Should the medium provided for the heating of the liquid be unavailable in 
sufficient amounts or at the desired temperature, a pump can be provided 
to enhance the flow which develops in the heat conducting body 2, which 
pump takes care of the necessary circulation speed and thus contributes to 
improved heat transfer. In addition, it is possible to provide an electric 
heating device 8 in the interior 18 of the heat exchanger. This is 
switched on for the support of the entire system when an insufficient 
amount of heat is made available by the medium to be cooled. With its aid, 
it is possible, in an economical manner, to always have constant supply of 
heat available at the upper part of the heat exchanger. 
The heat conducting body 2 can consist of metallic or other materials. When 
the materials are metallic, heat transfer along the heat conducting body 2 
to the cooling liquid present outwardly of the heat conducting body 2 has 
to be taken into account. In contradistinction, other materials, such as 
synthetic plastic materials and ceramic materials, act insulatingly, so 
that a good warming-up of the liquid to be heated within the heat 
conducting body 2 can be anticipated even at a small temperature 
difference. Especially in these cases, it is important to so keep the heat 
contents within the heat conducting body 2 that natural flow of the liquid 
which is being heated can form within the heat conducting body 2. For this 
reason, it is proposed in these cases to make the heat conducting body 2 
of materials which constitute poor heat conductors. 
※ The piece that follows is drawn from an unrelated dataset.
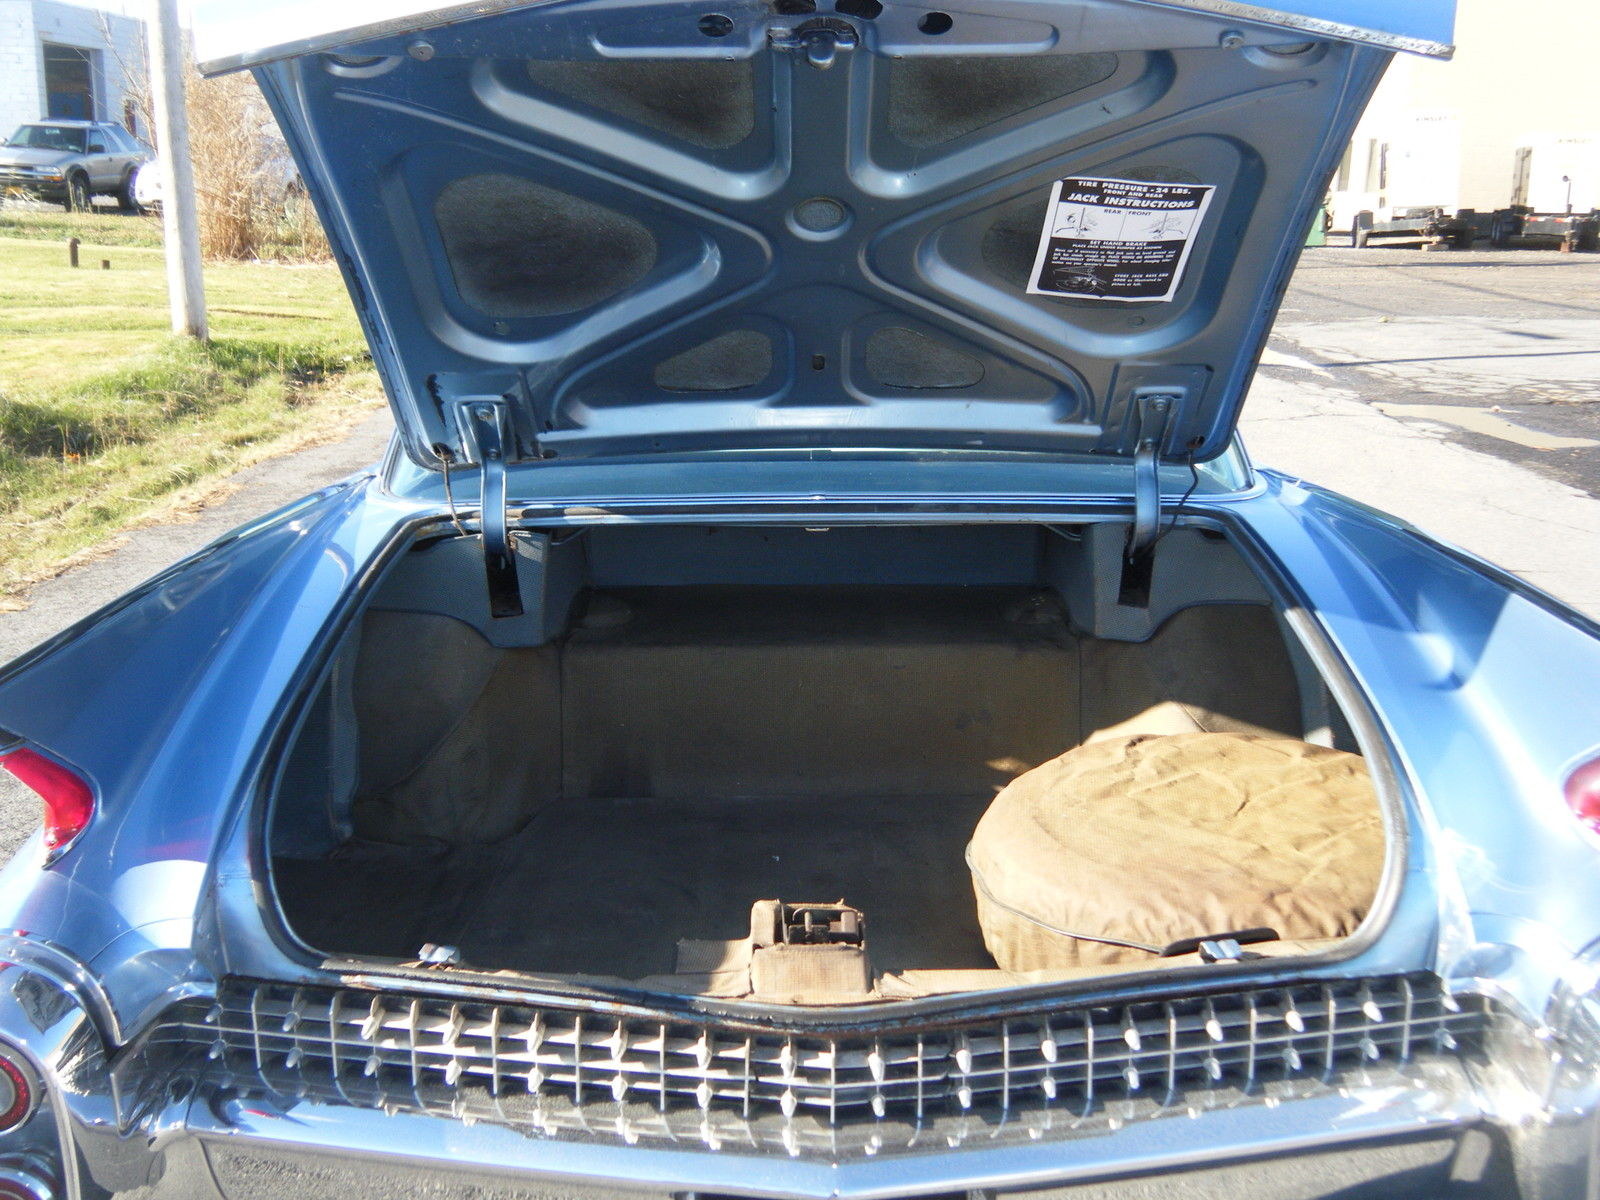 1960 Cadillac Fleetwood Rare Special Order Car Listing 1951 1959 Paint Colors Soonlook
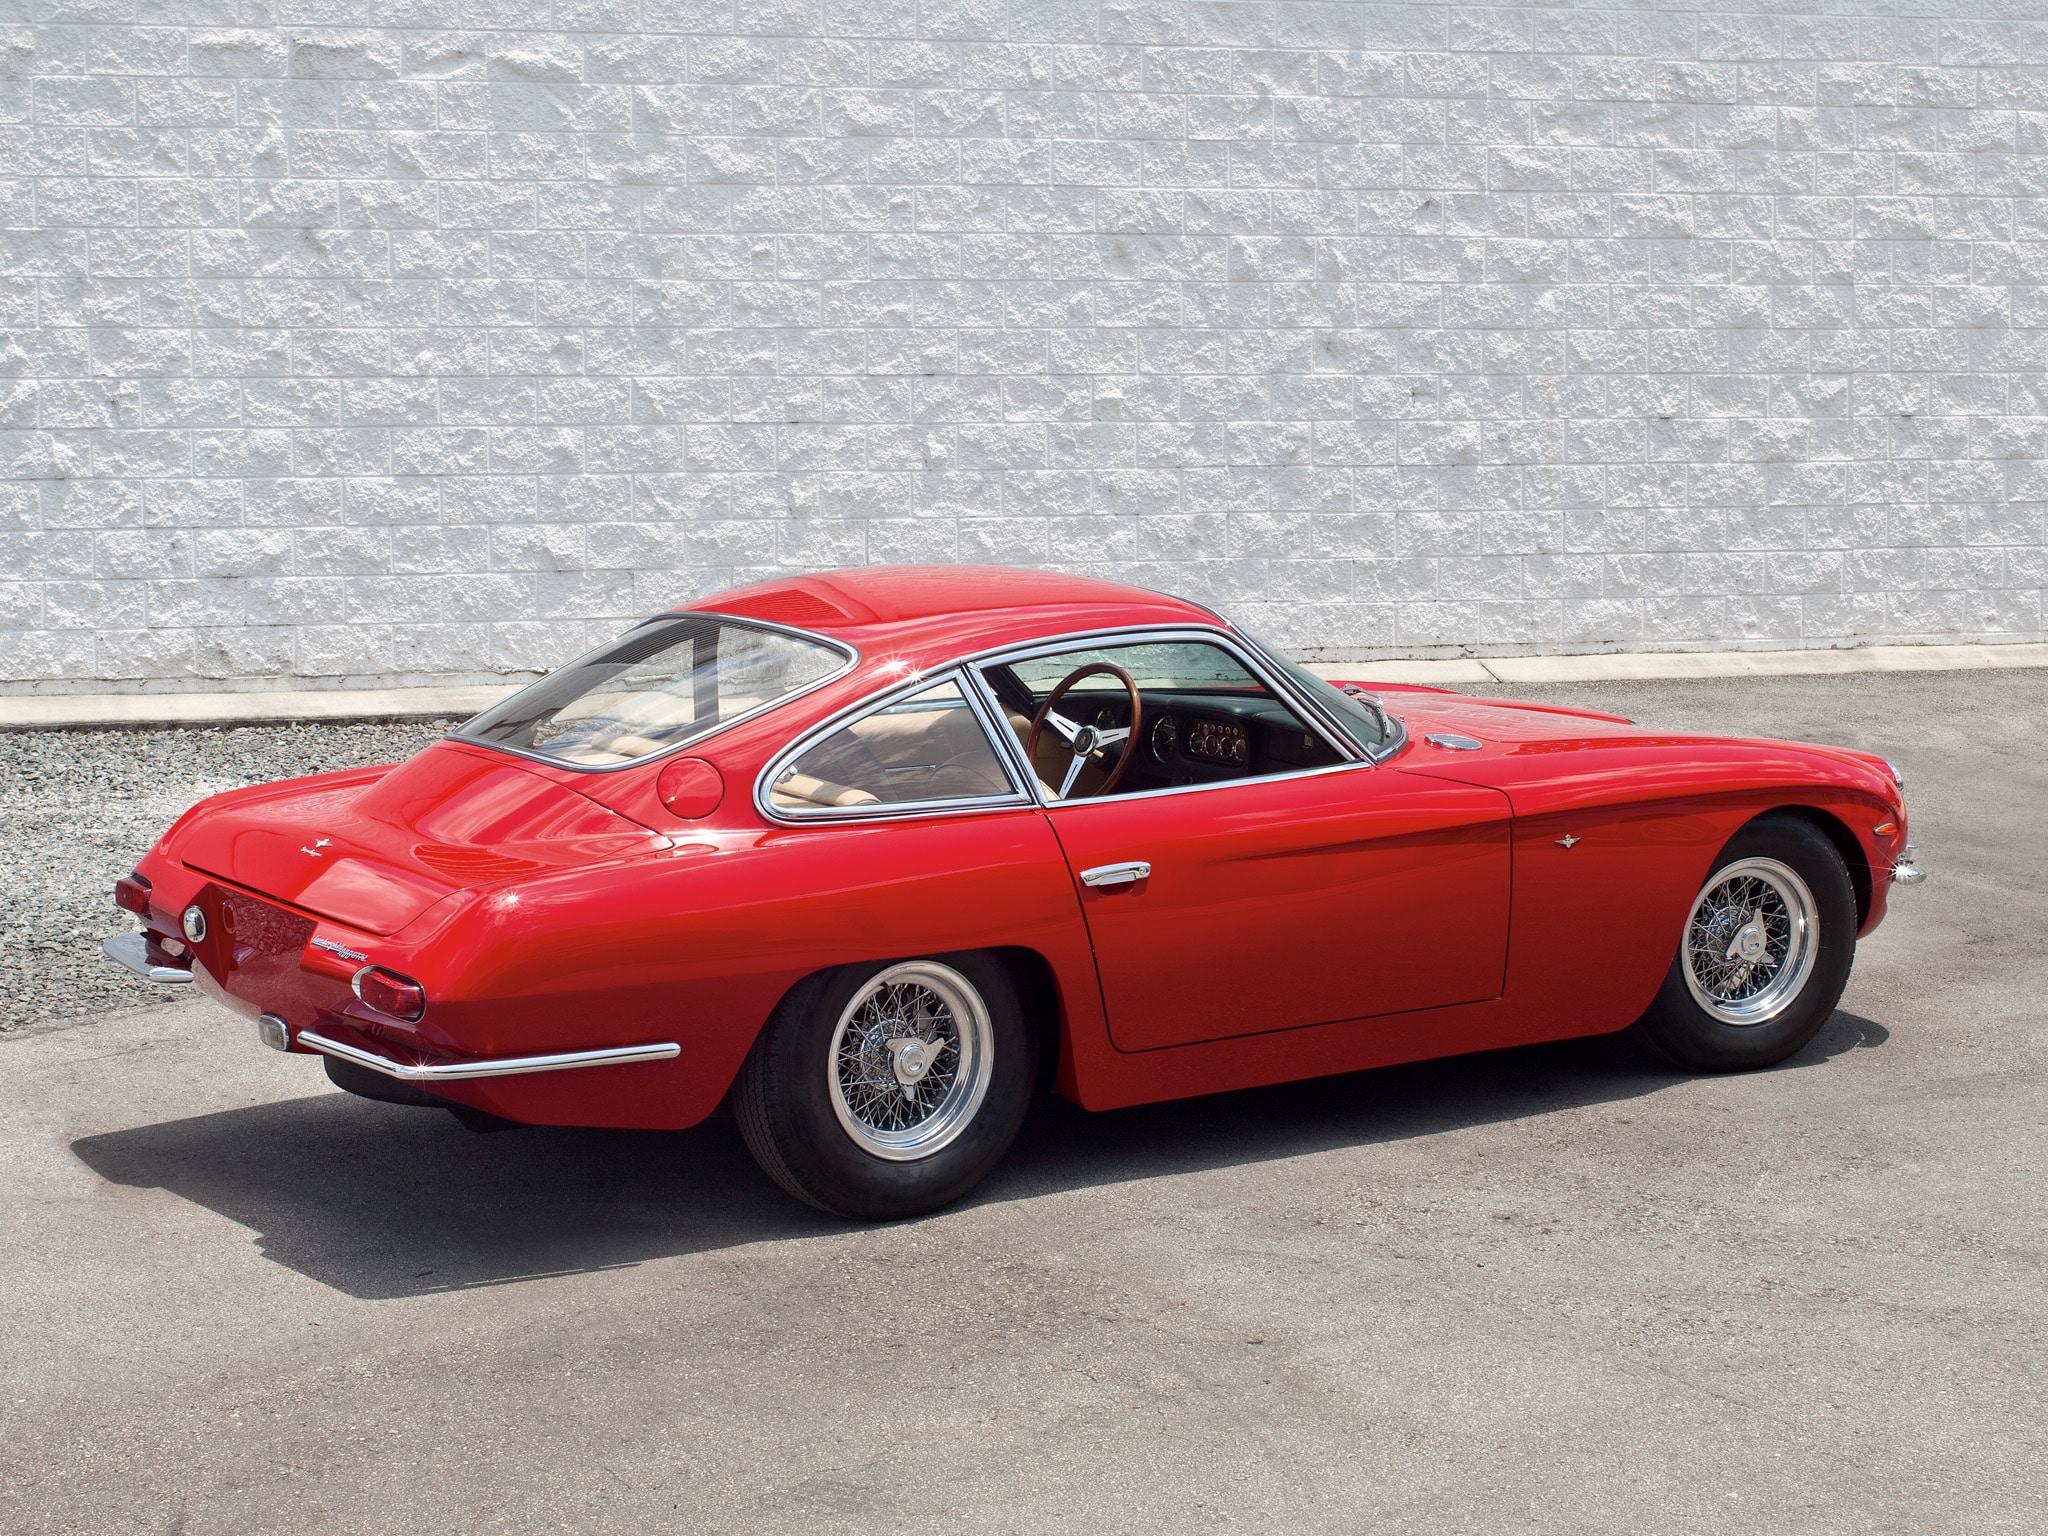 Lamborghini monza

The function of the heat exchanger according to the invention is 
independent of the constructional arrangement of the bottom plate 12. The 
heat conducting body 2 with the heating body 3 extending in the same can 
now be also introduced into the outer jacket 1 in a different manner. For 
instance, it is to be contemplated that the heat conducting body 2 and the 
heating body 3 are introduced into outer jacket 1 from above. In this 
case, there is to be provided in the upper bottom a closing plate with 
which the heat conducting body 2 as well as the heating body 3 are 
connected.